* _TASK DESCRIPTION_: The full listing, written out exactly and without images, is the expected result.

* _DATA_:
-- Opening Marker --

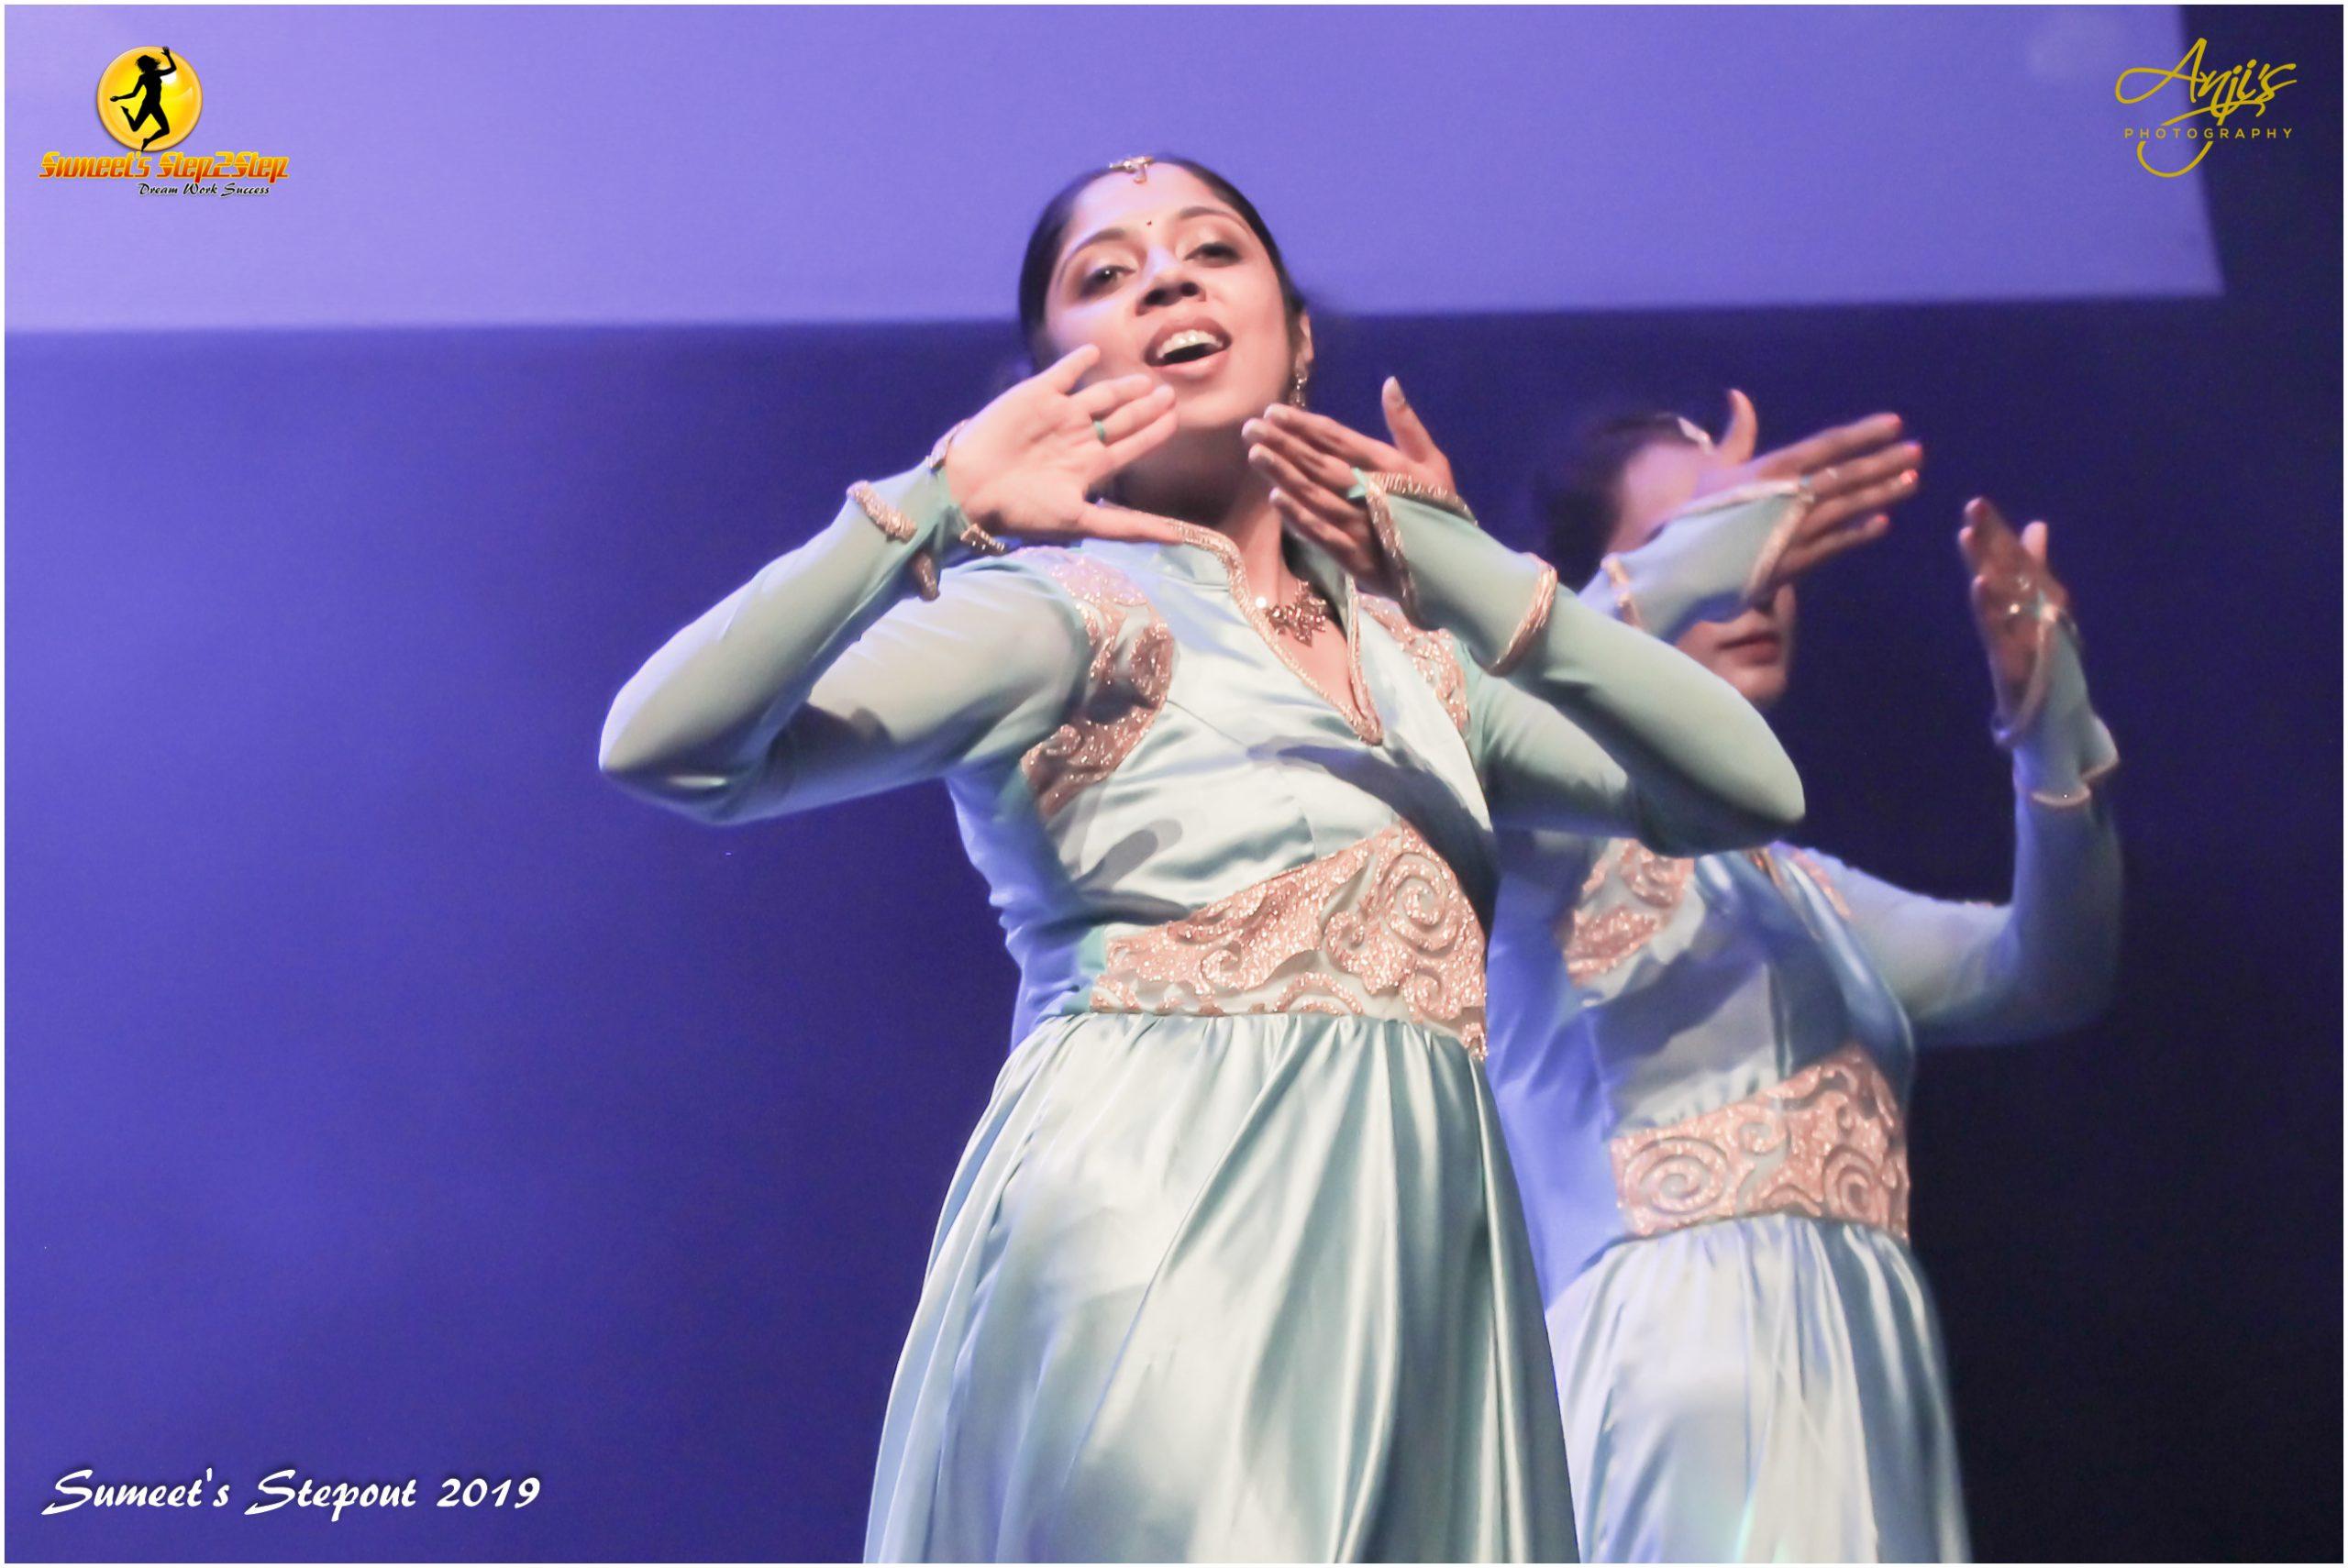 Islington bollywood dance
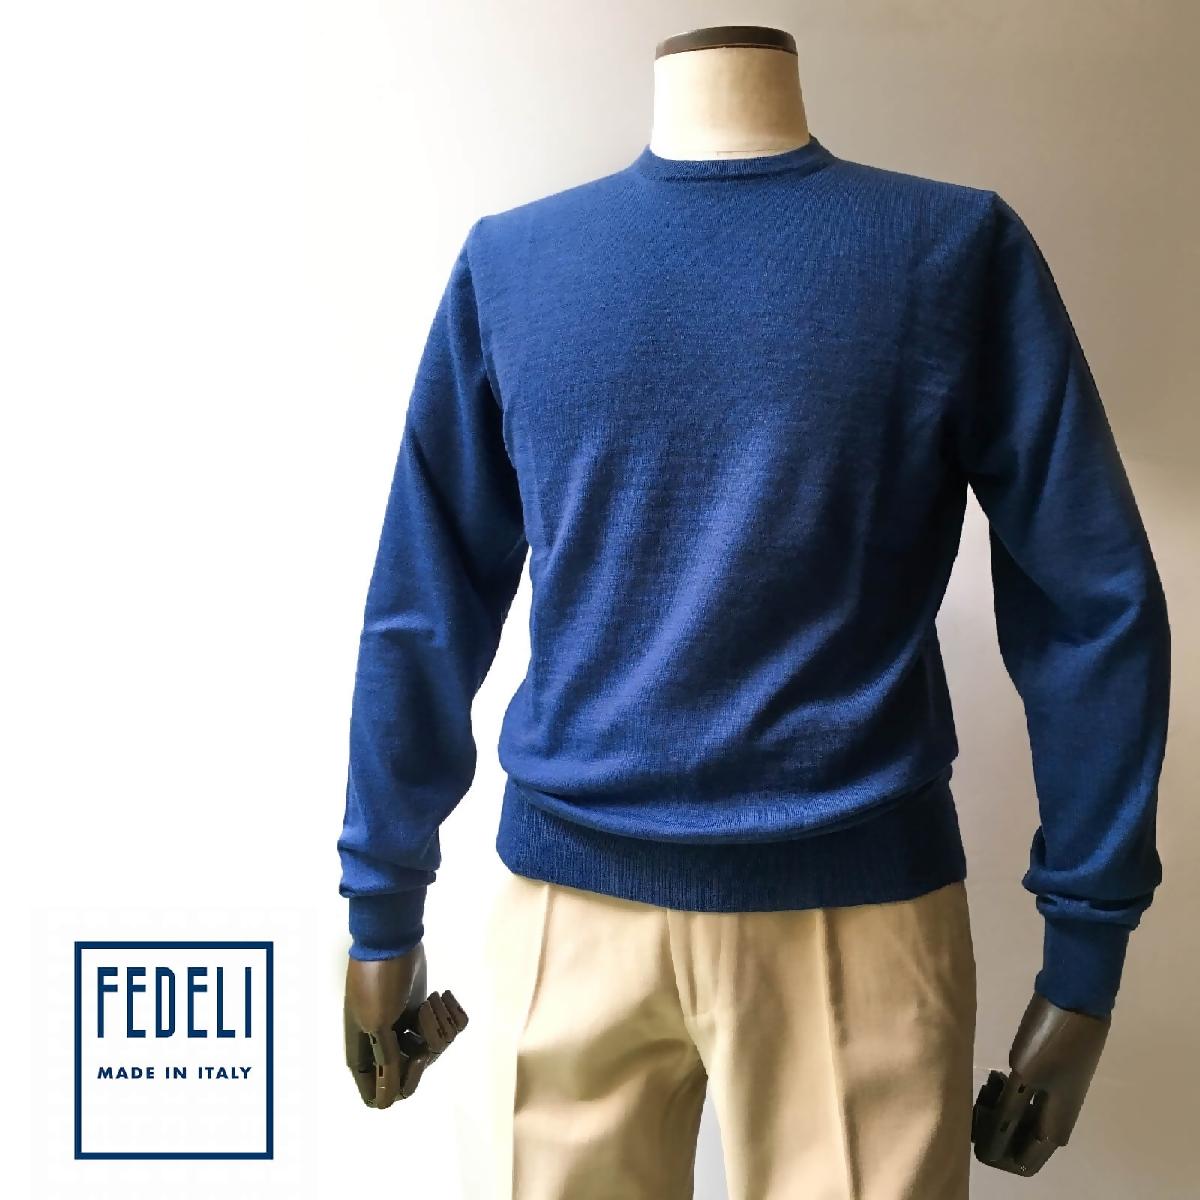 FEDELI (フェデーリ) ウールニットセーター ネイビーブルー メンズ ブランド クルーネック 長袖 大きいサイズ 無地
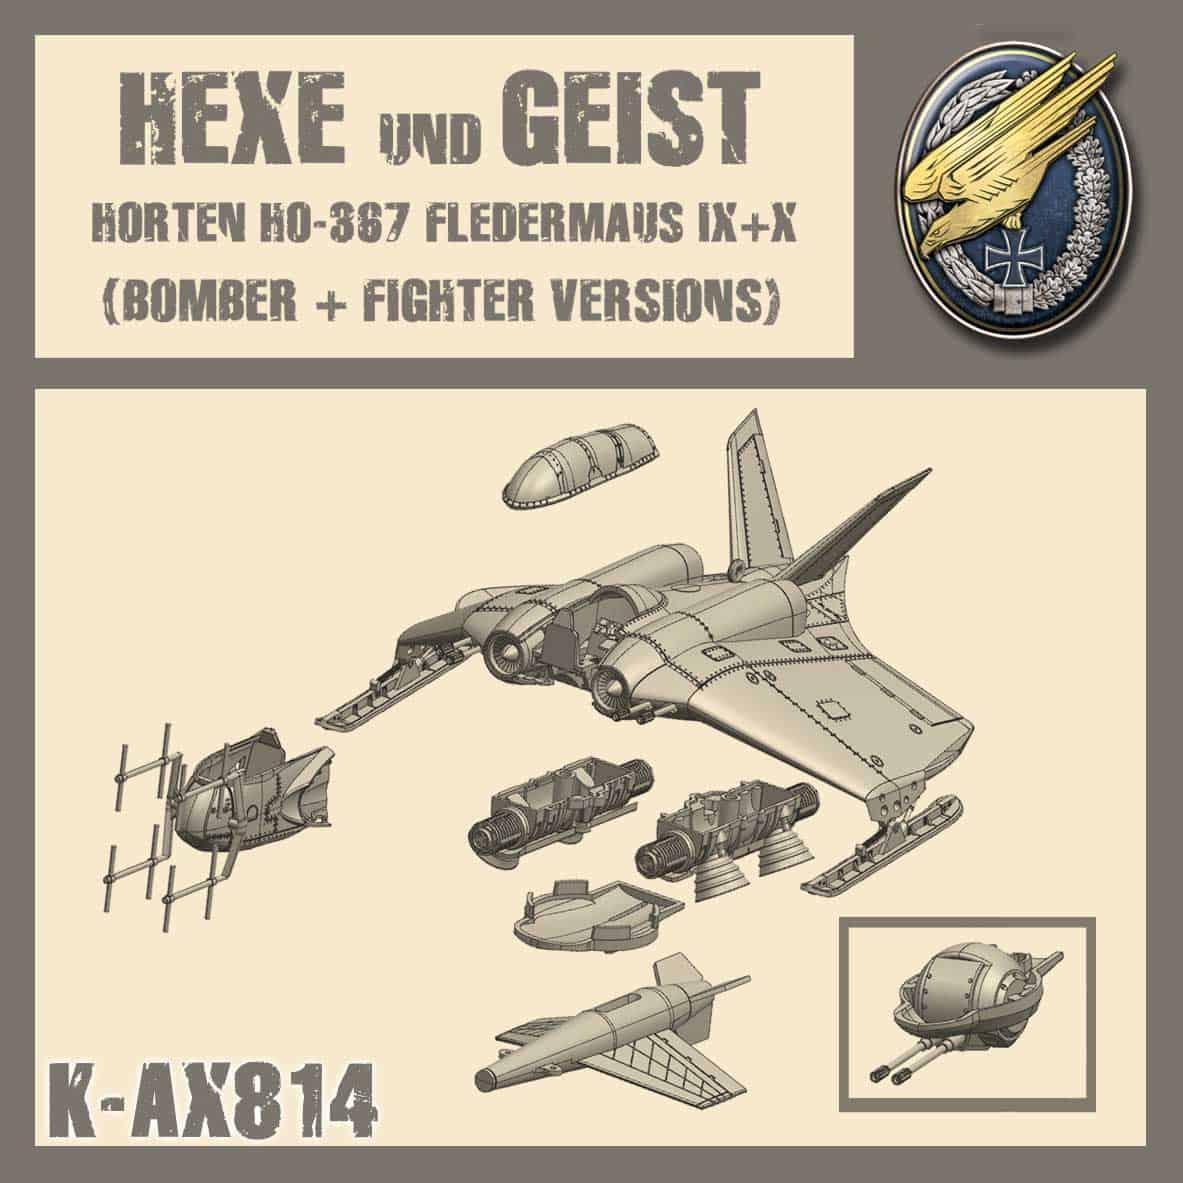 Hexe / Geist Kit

-- Closing Marker --

* _TASK RESULT_:
 Islington bollywood dance
 FEDELI (フェデーリ) ウールニットセーター ネイビーブルー メンズ ブランド クルーネック 長袖 大きいサイズ 無地
 Hexe / Geist Kit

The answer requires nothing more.